Indexing Strategies: HNSW, IVF, and PQ

We have established that Approximate Nearest Neighbor (ANN) is the only way to scale vector search to millions of items. But how do these "proximate" searches actually work under the hood?

In the vector database world, an Index is a data structure designed to navigate high-dimensional space. Unlike a B-Tree, which sorts data linearly, a vector index organizes data based on Proximity.
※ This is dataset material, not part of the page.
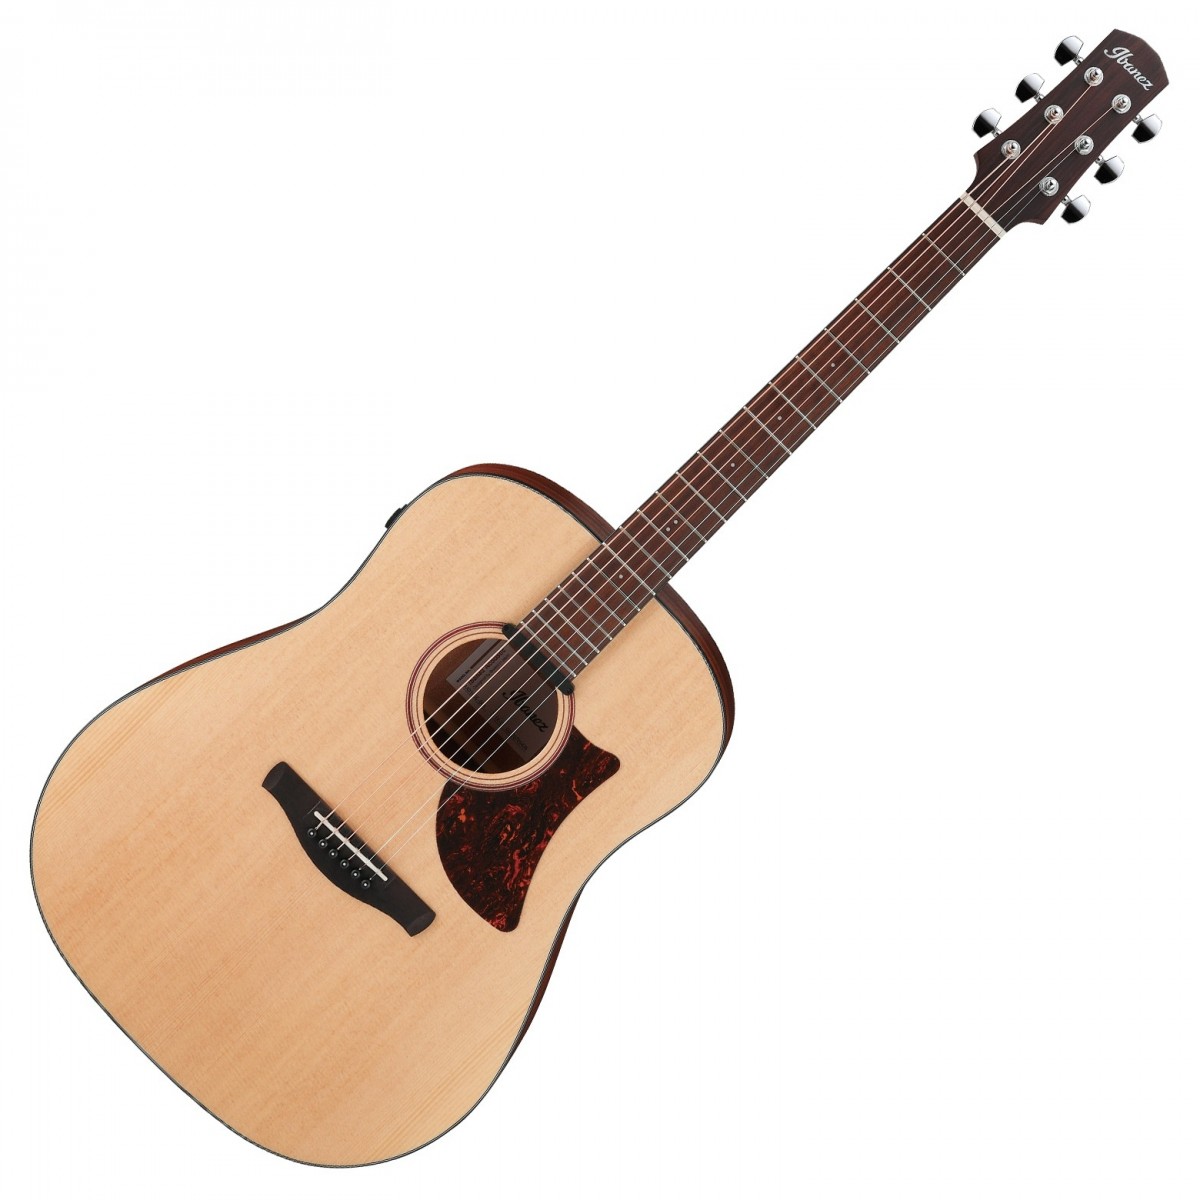 Гитара ямаха ф. Yamaha fx370c Acoustic. Акустическая гитара Fender Squier sa-150. Yamaha f310. Акустическая гитара Yamaha f310.

In this lesson, we explore the "Big Three" of vector indexing: HNSW, IVF, and PQ. Understanding these will help you choose the right configuration for Pinecone, Chroma, or OpenSearch.
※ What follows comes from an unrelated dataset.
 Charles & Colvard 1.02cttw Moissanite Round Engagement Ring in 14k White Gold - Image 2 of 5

1. HNSW: Hierarchical Navigable Small Worlds

HNSW is the industry standard for production vector databases. It is a graph-based index that is incredibly fast and offers high recall.
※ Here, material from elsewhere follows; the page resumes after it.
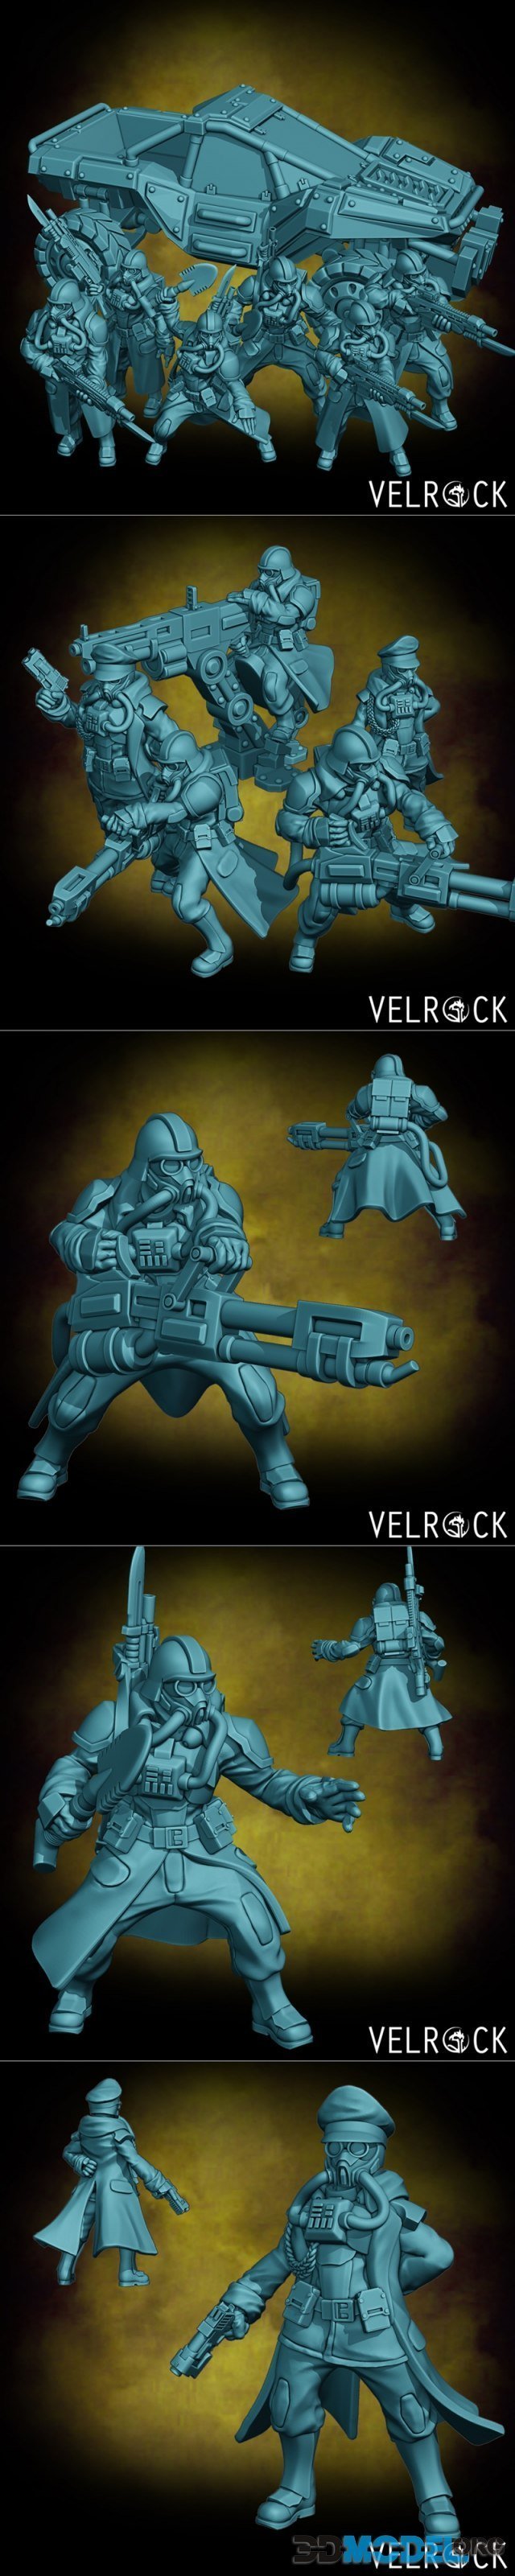 Velrock Art - Tempest Guardsmen Trenchers 1-2 and Mudrunner – Printable

The Intuition: The Multi-Layer Map

Imagine you are in a city and want to reach a specific house.

Top Layer (Broad): You look at a map of the world and find the right country.
Middle Layer (Specific): You look at a map of the city and find the right neighborhood.
Bottom Layer (Exact): You walk the street looking for the house number.

HNSW builds this hierarchy of graphs. The top layers are sparse (fewer points), allowing you to make "huge jumps" across the vector space. As you move down the layers, the graph becomes denser, allowing you to fine-tune your location.

graph TD
    subgraph Layer_2_Coarse
    L2_A --- L2_B
    end
    subgraph Layer_1_Medium
    L1_A --- L1_B --- L1_C --- L1_D
    end
    subgraph Layer_0_Dense
    L0_A --- L0_B --- L0_C --- L0_D --- L0_E --- L0_F
    end
    L2_A -.-> L1_A
    L1_A -.-> L0_A

Pros:

Incredible Search Speed: Sub-linear O(log n) search time.
High Recall: Very good at finding the "True" nearest neighbor.

Cons:

High Memory Usage: Each vector needs to store many graph connections (pointers).
Slow Index Building: Creating the graph is computationally expensive.

2. IVF: Inverted File Index

IVF is based on Clustering. It works by partitioning the entire vector space into regions (Voronoi cells).

How it works:

Training Phase: The algorithm identifies "centroids" (center points) in the data using K-Means clustering.
Indexing Phase: Every vector is assigned to the nearest centroid.
Search Phase:
- The query vector first finds the nearest centroids (nprobe parameter).
- It only searches the vectors within those specific clusters.

graph TD
    Q[Query Vector] --> C{Nearest Centroid?}
    C -- Cluster 1 --> S1[Search 500 vectors]
    C -- Cluster 23 --> S2[Search 200 vectors]
    style Q fill:#f96

Pros:

Low Memory Footprint: Much lighter than HNSW.
Fast Build Times: Great for frequent re-indexing.

Cons:

Lower Recall: If your query is on the "border" between clusters, IVF might miss the perfect neighbor in the adjacent cluster.
Requires Training: You need a representative sample of data to find the right centroids.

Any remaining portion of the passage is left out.